Para muitos investidores, juntar as palavras “economia”, “mercado” e “Argentina” na mesma frase acaba invocando imagens não muito positivas: inflação nas alturas, desvalorização da moeda, crise política.

Javier Milei assumiu a presidência do país em 2024 e, desde então, colocou em prática uma série de medidas arrojadas para reajustar a economia. Alguns números já começaram a mudar: a inflação, por exemplo, fechou 2025 no menor nível em 8 anos.

Mesmo assim, muitos ativos argentinos continuam negociando com desconto de crise, como se nada tivesse mudado. 

Enquanto alguns gestores preferem passar longe do país, outros já enxergam o momento atual como uma oportunidade de investir em ativos baratos e que podem capturar valorização em um país a caminho de uma transformação.

Faz sentido investir na Argentina agora? Se sim, como isso é possível? Essas são as perguntas propostas pelo Empiricus PodCa$t deste sábado (25). Confira:

O que há de ‘diferente’ na Argentina a partir de agora que pode atrair potenciais investidores?

Paolo di Sora, CIO e sócio-fundador da RPS Capital, investe na Argentina há mais de uma década. Em entrevista ao podcast, o especialista apontou dois motivos pelos quais é possível acreditar em uma “virada de chave” para a economia do país.
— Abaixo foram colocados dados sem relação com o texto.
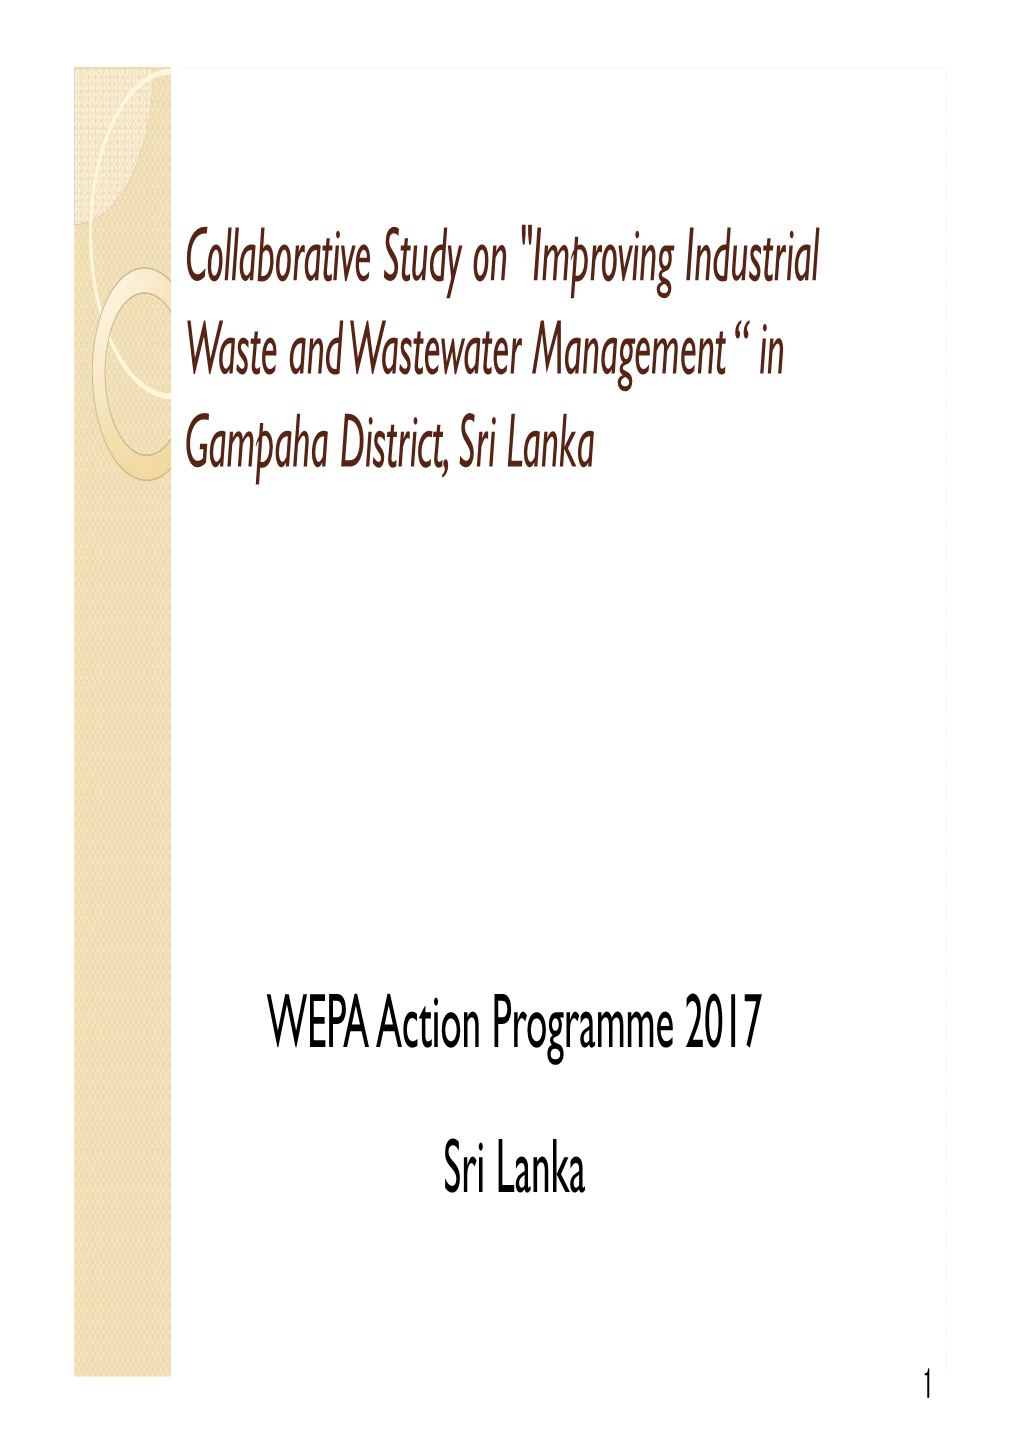 WEPA Action Programme 2017 Sri Lanka
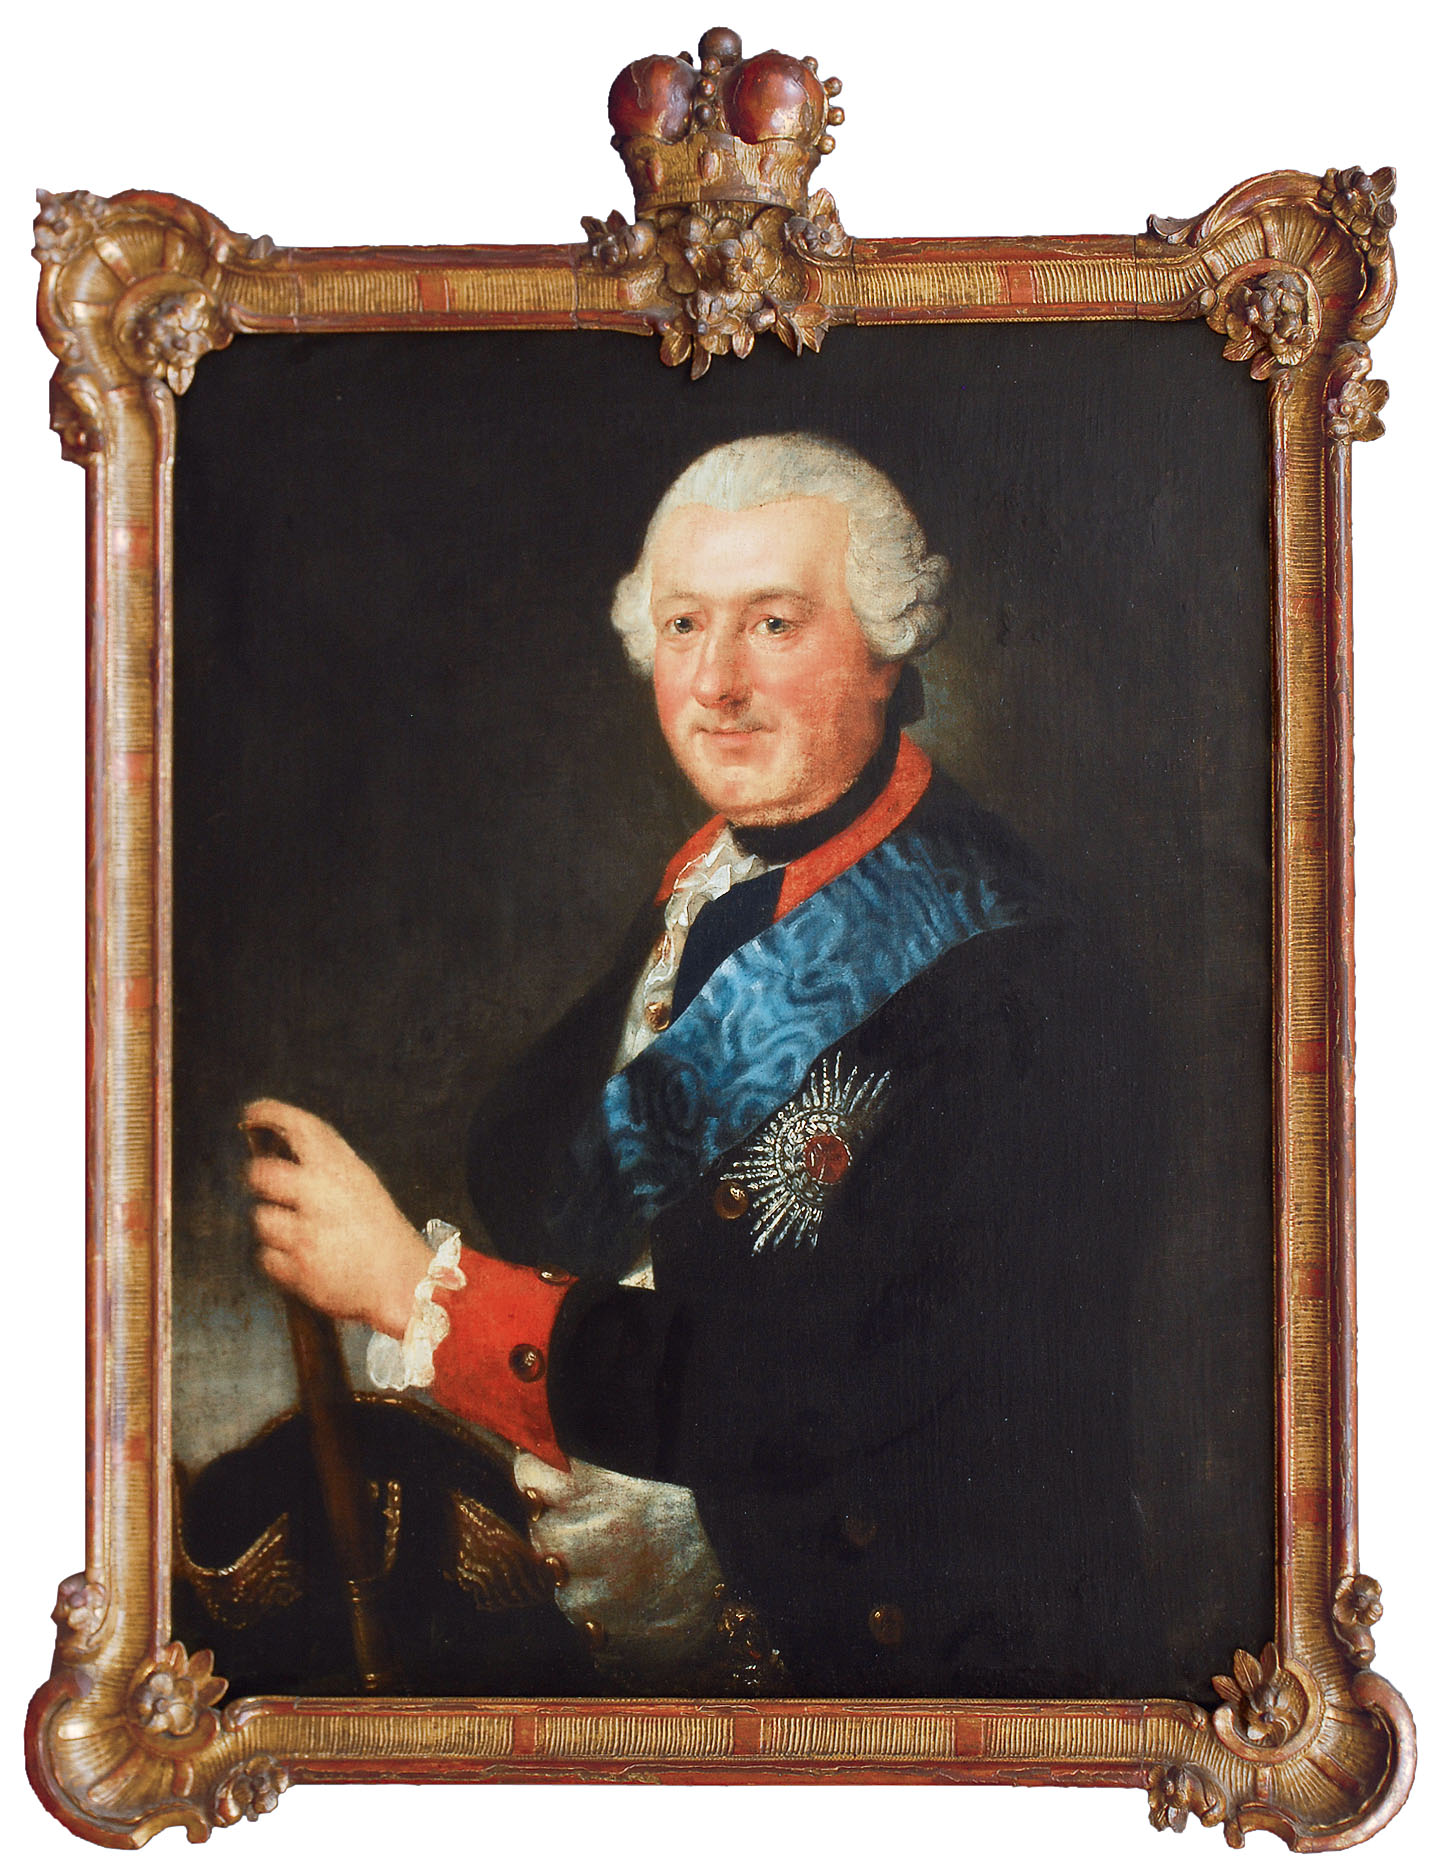 Portrait of a Prussian nobleman

  • Fator sociológico: “Tenho a percepção de que a sociedade argentina, de fato, chegou em um ‘fundo do poço’ em 2022 — e isso é o que cria o ambiente para uma mudança real”, afirma. “Conversando com a base da sociedade, vejo pessoas pedindo por uma mudança estrutural e madura”.
  • Exportação de commodities: Ainda no governo de Alberto Fernández, antecessor de Milei, a Argentina começou um projeto de desenvolvimento de sua província de petróleo. Essa nova “veia exportadora” impulsiona sua balança comercial em dólar. “Isso pode dar mais artilharia para o país se defender de uma próxima crise cambial”, afirma.

    Vai sobrar dólar na Argentina, se as coisas continuarem na direção que estão indo. Isso é transformacional. Há algo estrutural acontecendo, que de fato cria um ambiente estrutural de investimentos”, conclui.

Se Milei eventualmente sair do poder, as perspectivas podem mudar?

“Se Milei perder as eleições [em 2027], não acho que a alternativa será alguém que vai jogar tudo o que foi feito fora. O kirchnerismo enfraqueceu muito”, afirma di Sora. Para o especialista, um possível substituto de Milei deve reconhecer a manutenção de, pelo menos, parte das reformas.

“Não importa se é de direita ou de esquerda: certos valores serão preservados, e então passamos a ter confiança de que esse projeto terá um payback em alguns anos”.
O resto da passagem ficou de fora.